Of all her achievements, it’s her role as CEO of the Society for Cardiovascular Magnetic Resonance (SCMR) that Chiara’s most proud of. “It’s the one that’s the most out of place for me. I don't know any other cardiologist that’s in a CEO position, doing two jobs. It’s a completely different beast in this role and I’m setting different standards for the CEO position. Usually, you’d have an MBA for this role, and I’m showing you don’t necessarily need to have that.”

"In my two years in this post, I have taken unconventional and counter-intuitive decisions that have paid positive dividends in the Society, which has historically been quite conservative in their decision making. I was very pleased when my President thanked me for my work in front of all our membership saying 'SCMR is proud to have a fearless CEO.'"

"Indeed, finding myself as a UK-based CEO of a US-based association a few months before the outbreak of the COVID-19 pandemic meant I had to reinvent a new way of working and a new way to run the Society and the business of professional associations. I have done this using intuition and common sense, and I am proud to have successfully sailed the ship during these stormy two years. SCMR is more successful than it has ever been, including financially."

But Chiara is proud of each and every accolade she has received over the years. “There’s a story behind each of them. They're in different domains, some are teaching, some are professional, some are about women in medicine, but they all have a lot in common. It’s a multifaceted set of awards, telling the story that I’m also multifaceted. It is all about trying to do and achieve things that were never done before."

"It always seems impossible until it's done" is one of Chiara's favourite mottos, borrowed from Nelson Mandela. In 2013 and 2015, while she was in Bristol, her cardiac MRI Unit was the runner-up and highly commended for the local NHS Recognising Success Awards in Research and Education and in Best Service Improvement. She reflects that "Sometimes it is just about being the right person in the right place at the right time."

The NHS recognising I do good clinical work meant a lot to me. The teaching award with the students enriches me, as does the mentorship and all the other professional recognitions. It’s all part of me. 
Chiara receiving an award

An entrepreneurial spirit

After accomplishing so much, Chiara’s considering entrepreneurial activities. “That could be in digital health or digital cardiology, I still have to find my niche. I'm looking at the challenges facing the NHS and challenges post-COVID-19 pandemic.

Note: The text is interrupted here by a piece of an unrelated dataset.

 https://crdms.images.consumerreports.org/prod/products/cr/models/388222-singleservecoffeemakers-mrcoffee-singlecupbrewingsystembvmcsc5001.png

Every challenge presents an opportunity, so I am trying to scope my next venture.”

She also sees herself having a more global influence. “I’ve had some impact in Europe and in the US cardiology/imaging fields, but hopefully I can go even further to help and contribute to making the world a more positive place.”

Vote Chiara?

Ten years from now, we may see Chiara’s name on ballot papers. “I'm giving politics serious thought. Whether I will achieve that, I don't know. But politics needs people who want to drive agendas, who are competent, honest and have the courage to be disruptive in a positive way. And I’ve certainly been quite positively disruptive throughout my career.”

I've been rethinking how to do things, and that's been a winner for me. I often didn't go with the flow; I often made unconventional decisions and I was never afraid to go in a different direction than most people would have taken. I've achieved more as a result. It's that disruption and the confidence in my abilities that energises me. My grandpa was a prominent politician in Italy, so I may have the genes!